On the other side of the equation is the “buyer” who pays the upfront cash and absorbs the “promote.” Usually the buyer gets some PDP production which helps justify the initial cash payment, and steps into a development program which has been delineated (manageable risk) with a partner who has a proven track record. The return on the future development capital will not be as robust for the “buyer” as a result of the “promote,” but they have not been exposed to the initial risks or costs associated with the exploration aspect of the new play. This reduction in upfront costs and risk, combined with the prospect of rapidly climbing the learning curve and perhaps using the technology elsewhere, justifies absorbing the “promote.”

Based on the recent JV activity level there seems to be a continued appetite for this type deal and I anticipate more announcements in the future.

 

Update:  Another Eagle Ford JV anounced between Abraxas and Blue Stone.
 

Chinese Well Data is Expensive!

The Chinese government recently sentenced an American citizen to eight years for selling data relating to the locations and reserves associated with more than 30,000 Chinese oil and gas wells to IHS. The sentence has provoked demands from US officials for Xue Feng’s immediate release and deportation to the US.

As outrageous as this may sound to Americans accustomed to “freedom of information,” we should look in the mirror before we judge the Chinese too harshly.  Here in the US we can usually purchase this type of information (well locations, production data, well logs, etc.) from companies such as IHS, Tobin, and others, or in many cases get the data for free from state regulatory agencies; but this is not always the case.

 

I was recently involved in an Eminent Domain case which involved a large interstate pipeline company wishing to expand a gas storage facility. In this case the pipeline company was concerned that its storage gas may leak out of the boundaries of the existing facility onto the property of nearby landowners. The pipeline company was exercising its federally backed right to take the mineral rights of these owners so it could expand the storage facility to prevent this potential loss.

 

Despite the fact the pipeline company was taking the property of these citizens, they refused to disclose the locations of their wells, the current and future boundary of the storage facility, and their geologic justification for the expansion. They claimed “national security” as their basis for withholding this information from the citizens being impacted.

 

While the US government hasn’t nationalized its oil industry, these large interstate pipelines and utilities have been granted powers approaching that of a NOC. US oil and gas companies are required by most states to provide this type of information with the knowledge that it will be made publicly available, but these interstate pipeline gas storage facilities can hide behind the federal government (FERC).

 

So, before we start making demands of other countries let’s take a minute to think what the repercussions would be for an employee of this US pipeline company had they sold their “national security” secrets to IHS.

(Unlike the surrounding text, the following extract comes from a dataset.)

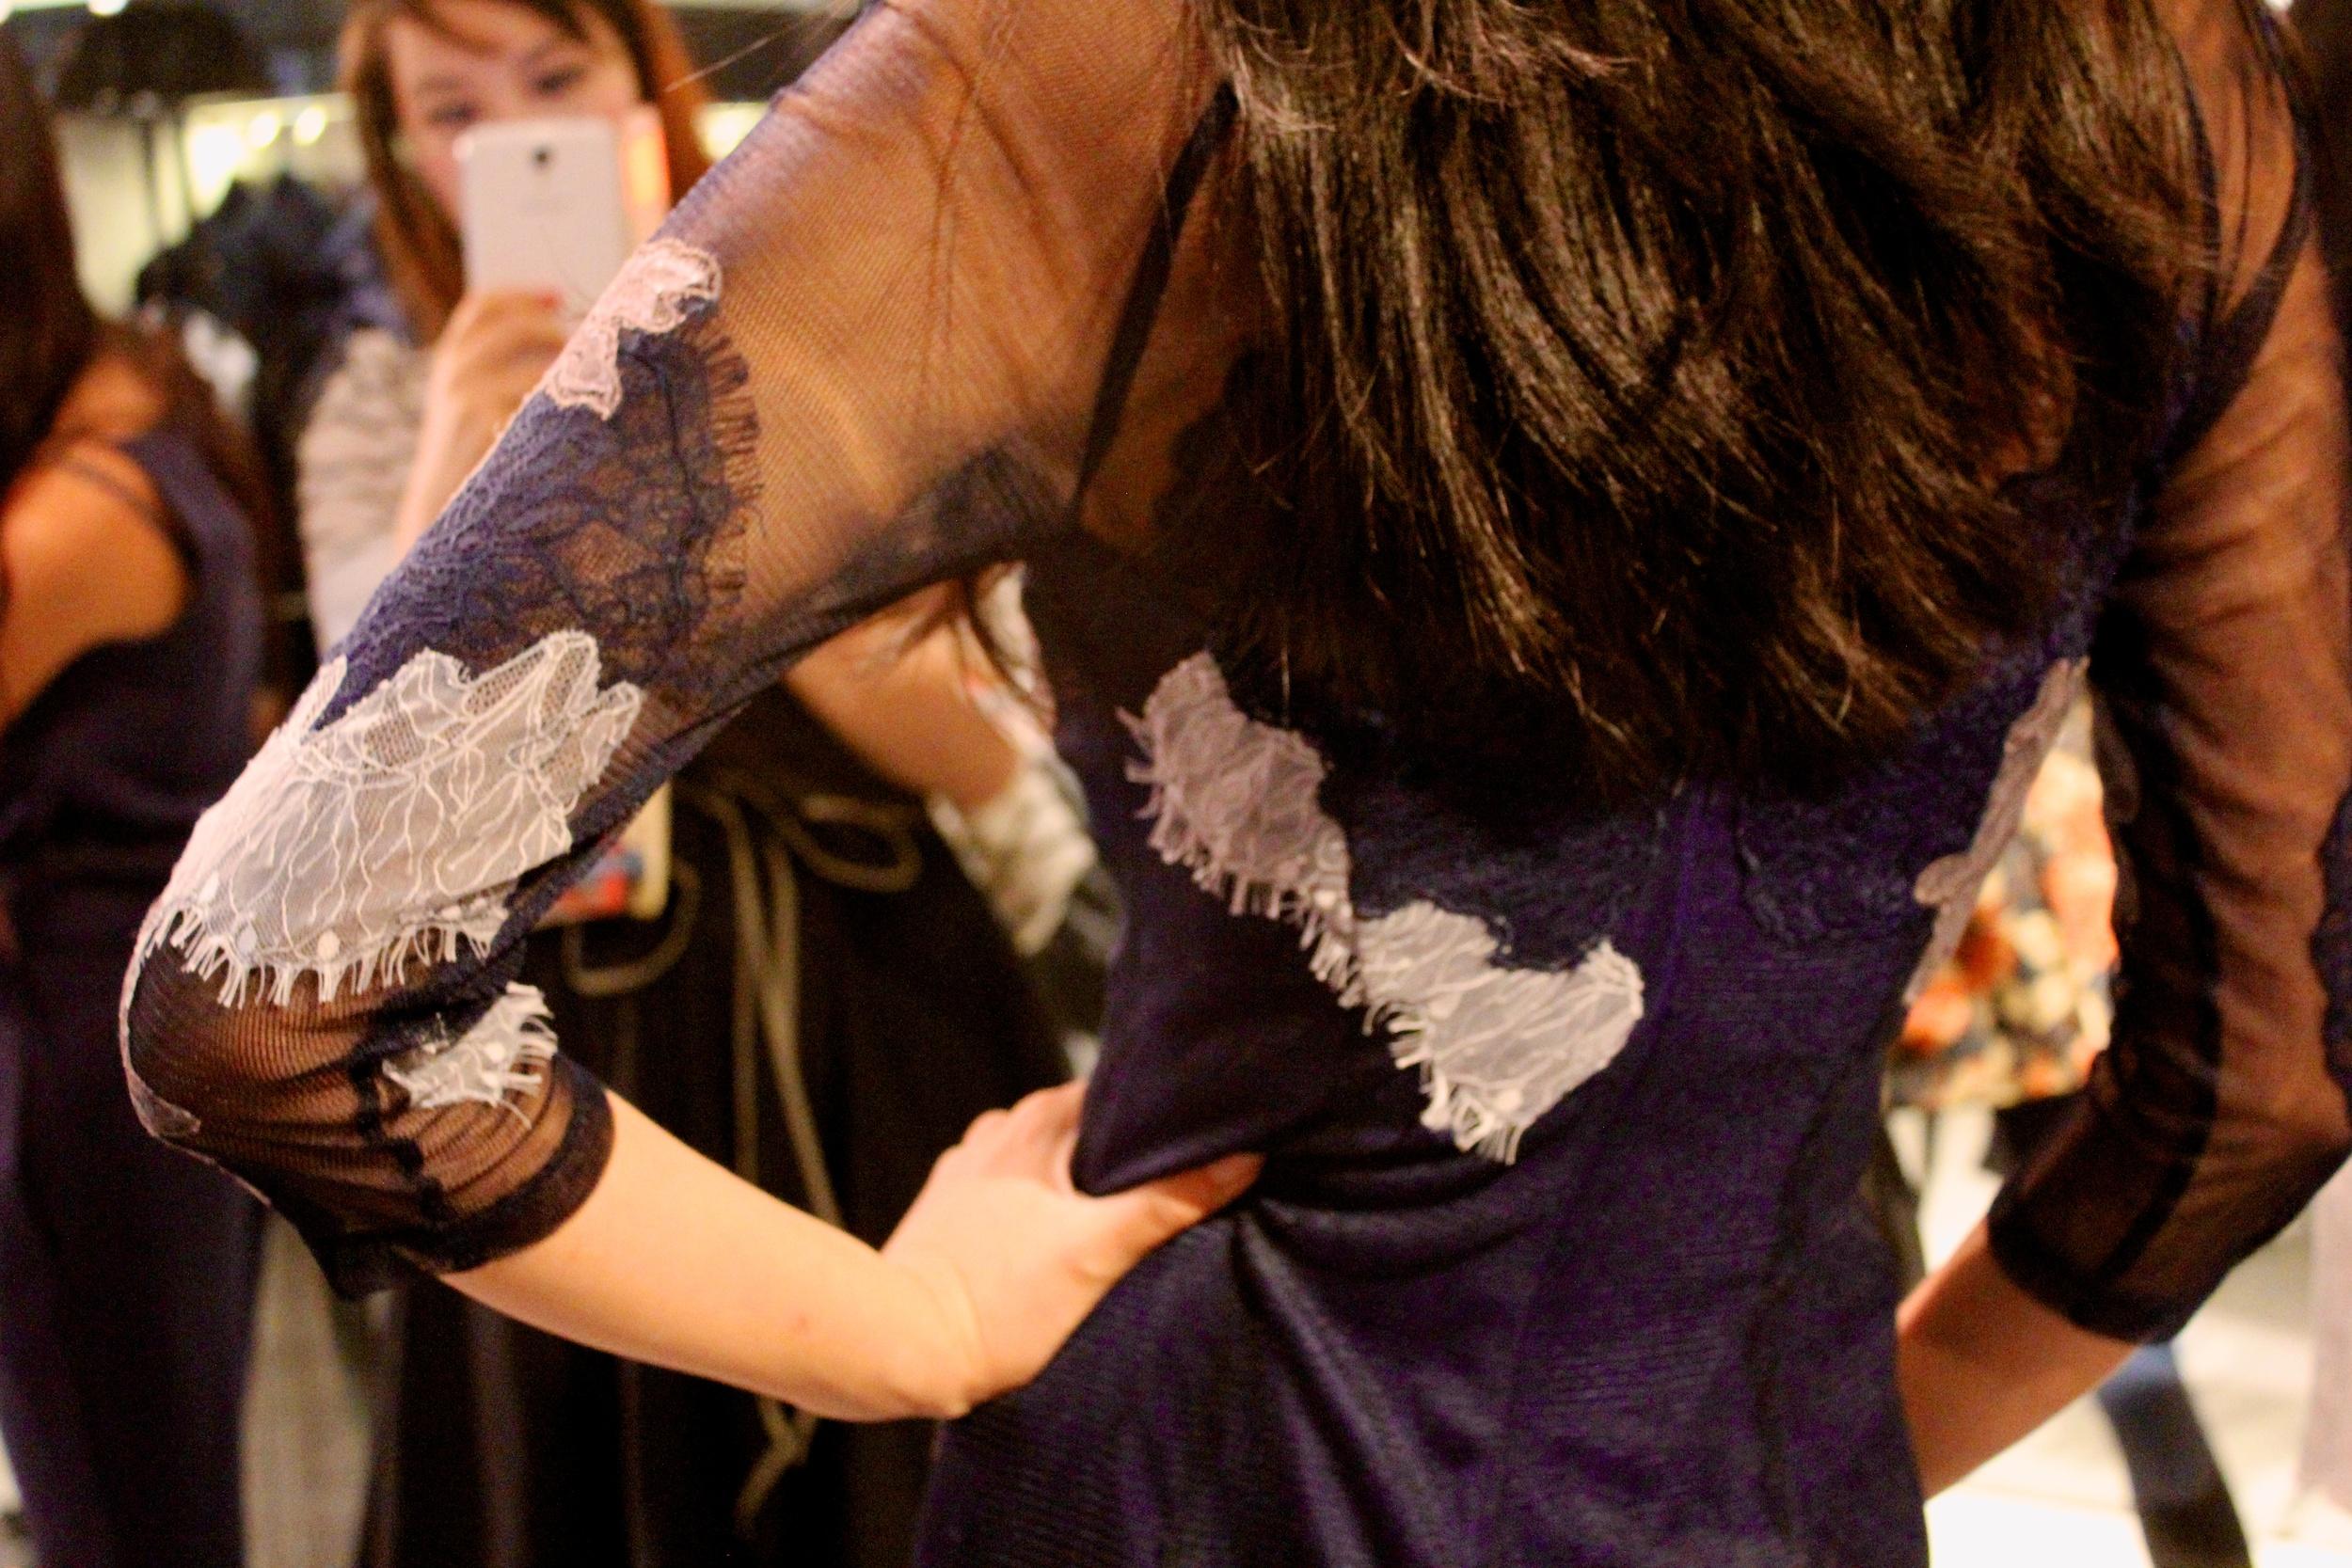 Dress:  Lace embroidery dress

Quantum Resources' Denbury Acquisition

"We think there are a lot of opportunities out there. The shale plays take a lot of capital to drill all those leases…companies generally have to issue equity, structure additional debt, or sell their non-core conventional assets—which are what we want to buy."  -Alan Smith, Quantum Resources

In a recent article on OilandGasInvestor.com Leslie Haines interviews Alan Smith of Quantum Resources Management about the recent $900 million acquisition of Denbury assets.  It sounds like Quantum has a good investment plan targeting conventional assets (instead of the ultra-hot shale plays) in well established producing basins, and focusing their capital on enhancing existing production through infill drilling and waterfloods.  

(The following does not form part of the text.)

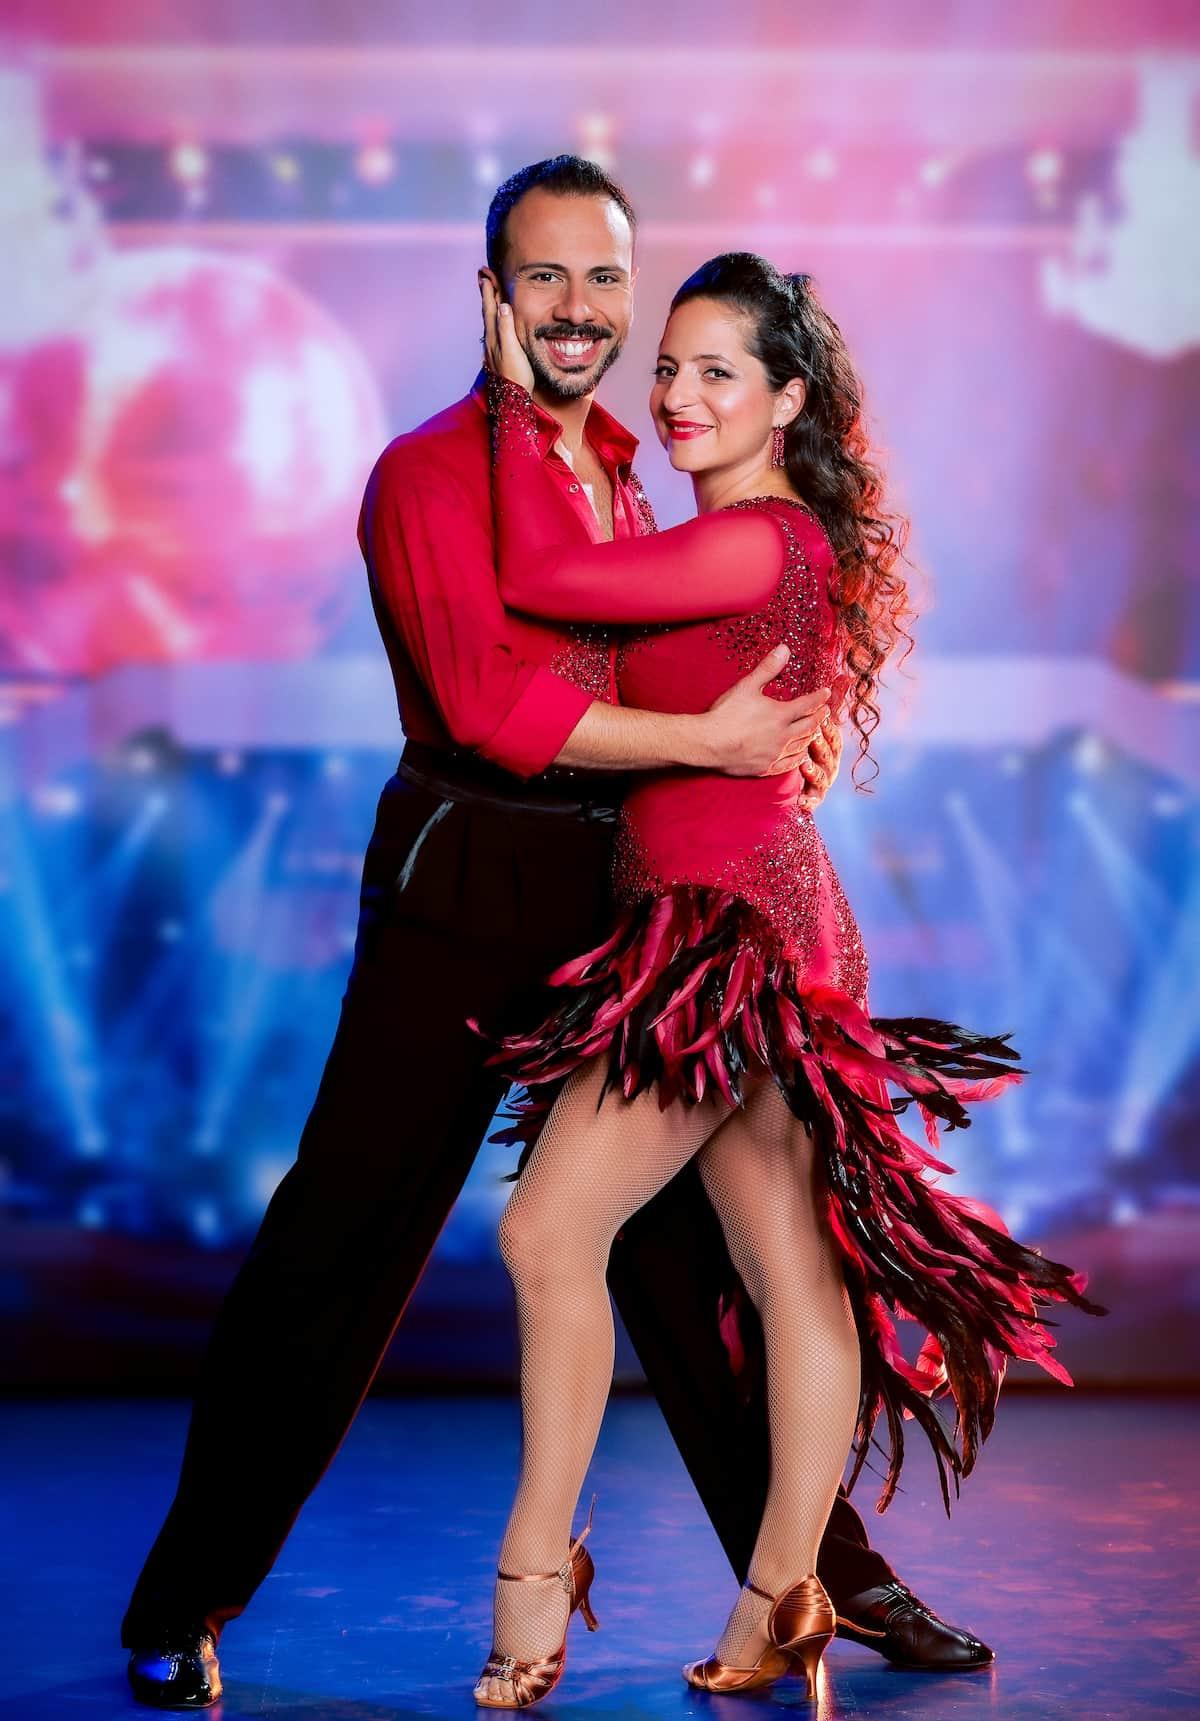 Caroline Athanasiadis und Danilo Campisi bei den Dancing Stars 24.9.2021

Its refreshing to hear a company talking about doing business the "old school way"-- buy quality assets in mature basins and focus your efforts (and capital) on developing your assets with low risk drilling and flooding; not to mention the portfolio diversification effect of mixing oil and gas assets in different basins.   In the interview Mr. Smith refers to his business philosophy as "contrarian," but I would call it "good business."